[Opening Information provided section]

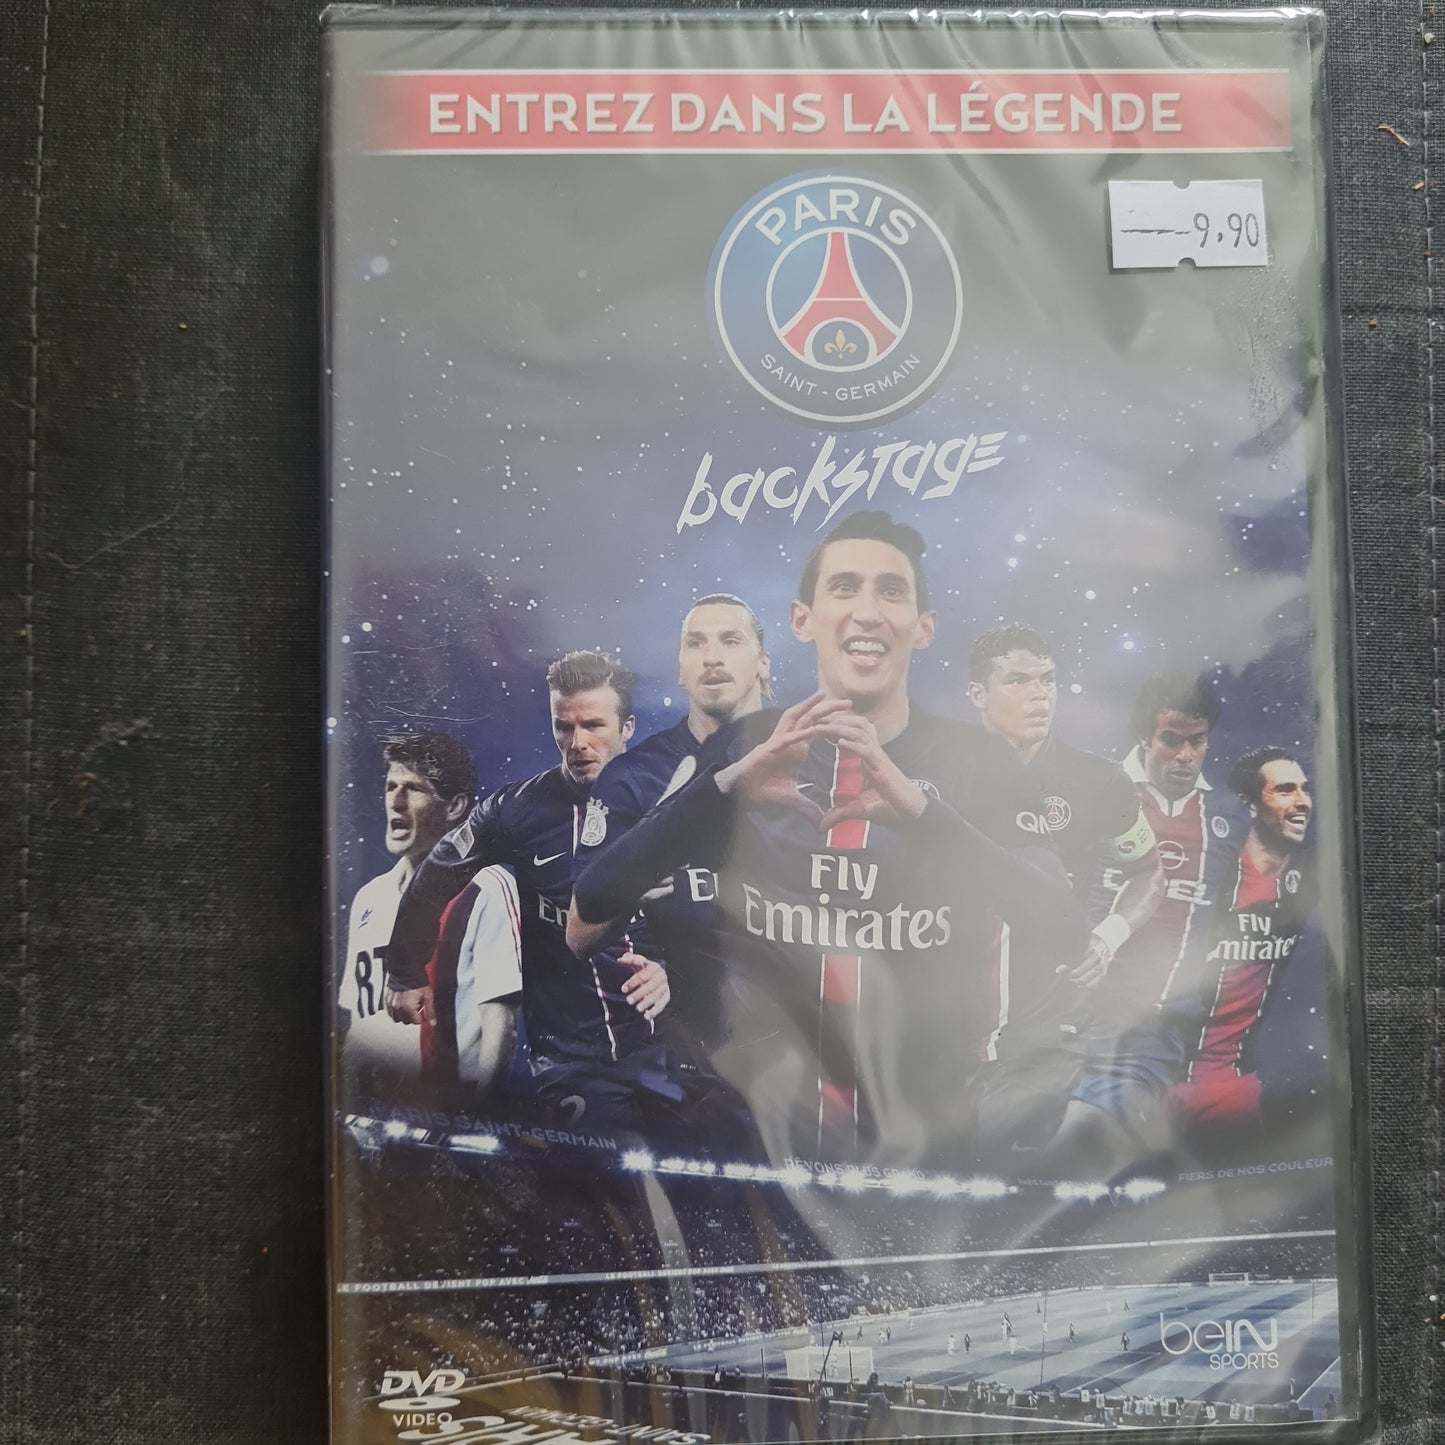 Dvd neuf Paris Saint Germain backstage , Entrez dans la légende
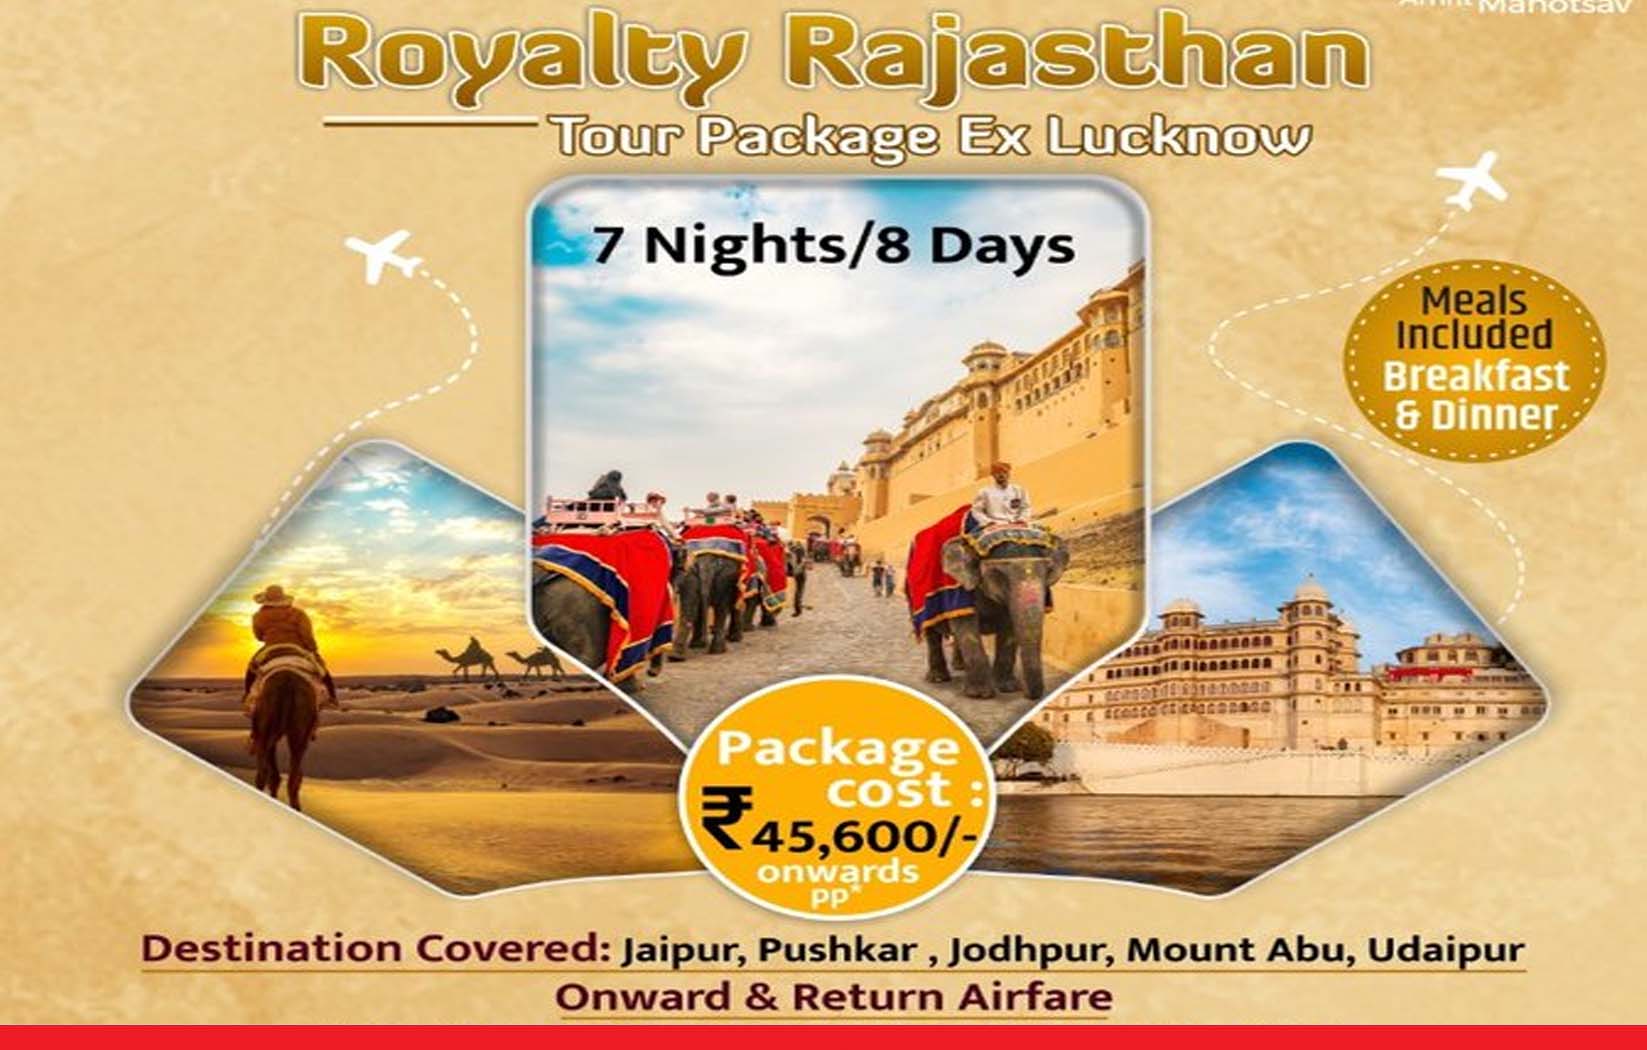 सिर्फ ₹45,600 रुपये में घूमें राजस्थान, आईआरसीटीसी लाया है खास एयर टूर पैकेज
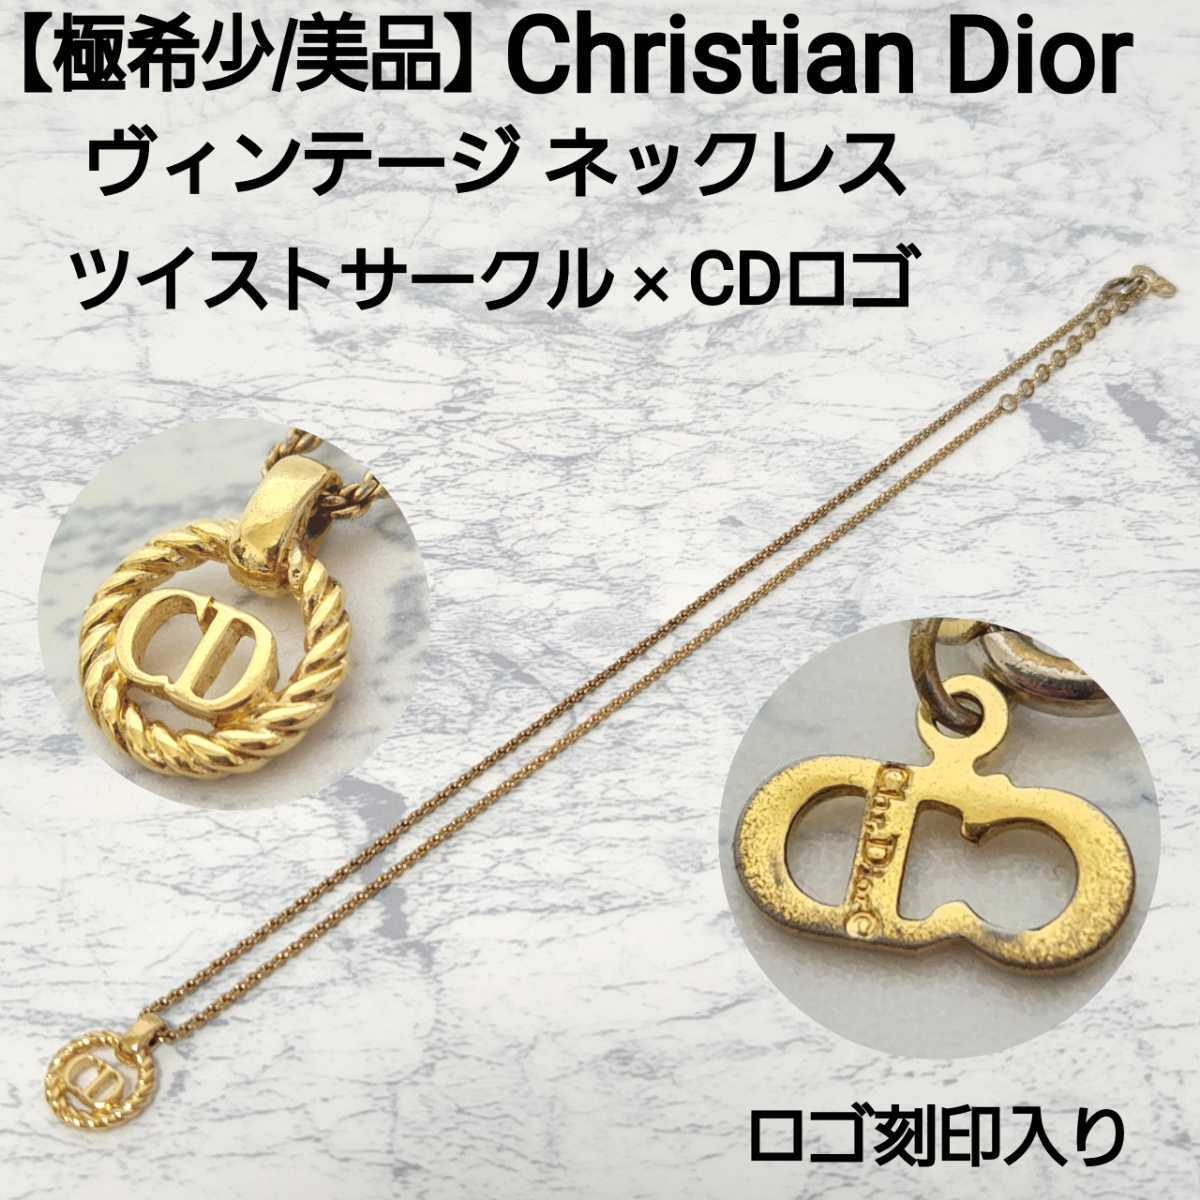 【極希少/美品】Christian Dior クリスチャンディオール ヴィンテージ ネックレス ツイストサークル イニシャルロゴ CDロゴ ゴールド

[Closing Information provided section]

■ **How to complete this task**: "सिर्फ ₹45,600 रुपये" marks the first line to be returned; return exactly that line and every line after it through the last line of the listing, omitting pictures.

■ **Solution**:
 सिर्फ ₹45,600 रुपये में घूमें राजस्थान, आईआरसीटीसी लाया है खास एयर टूर पैकेज
 【極希少/美品】Christian Dior クリスチャンディオール ヴィンテージ ネックレス ツイストサークル イニシャルロゴ CDロゴ ゴールド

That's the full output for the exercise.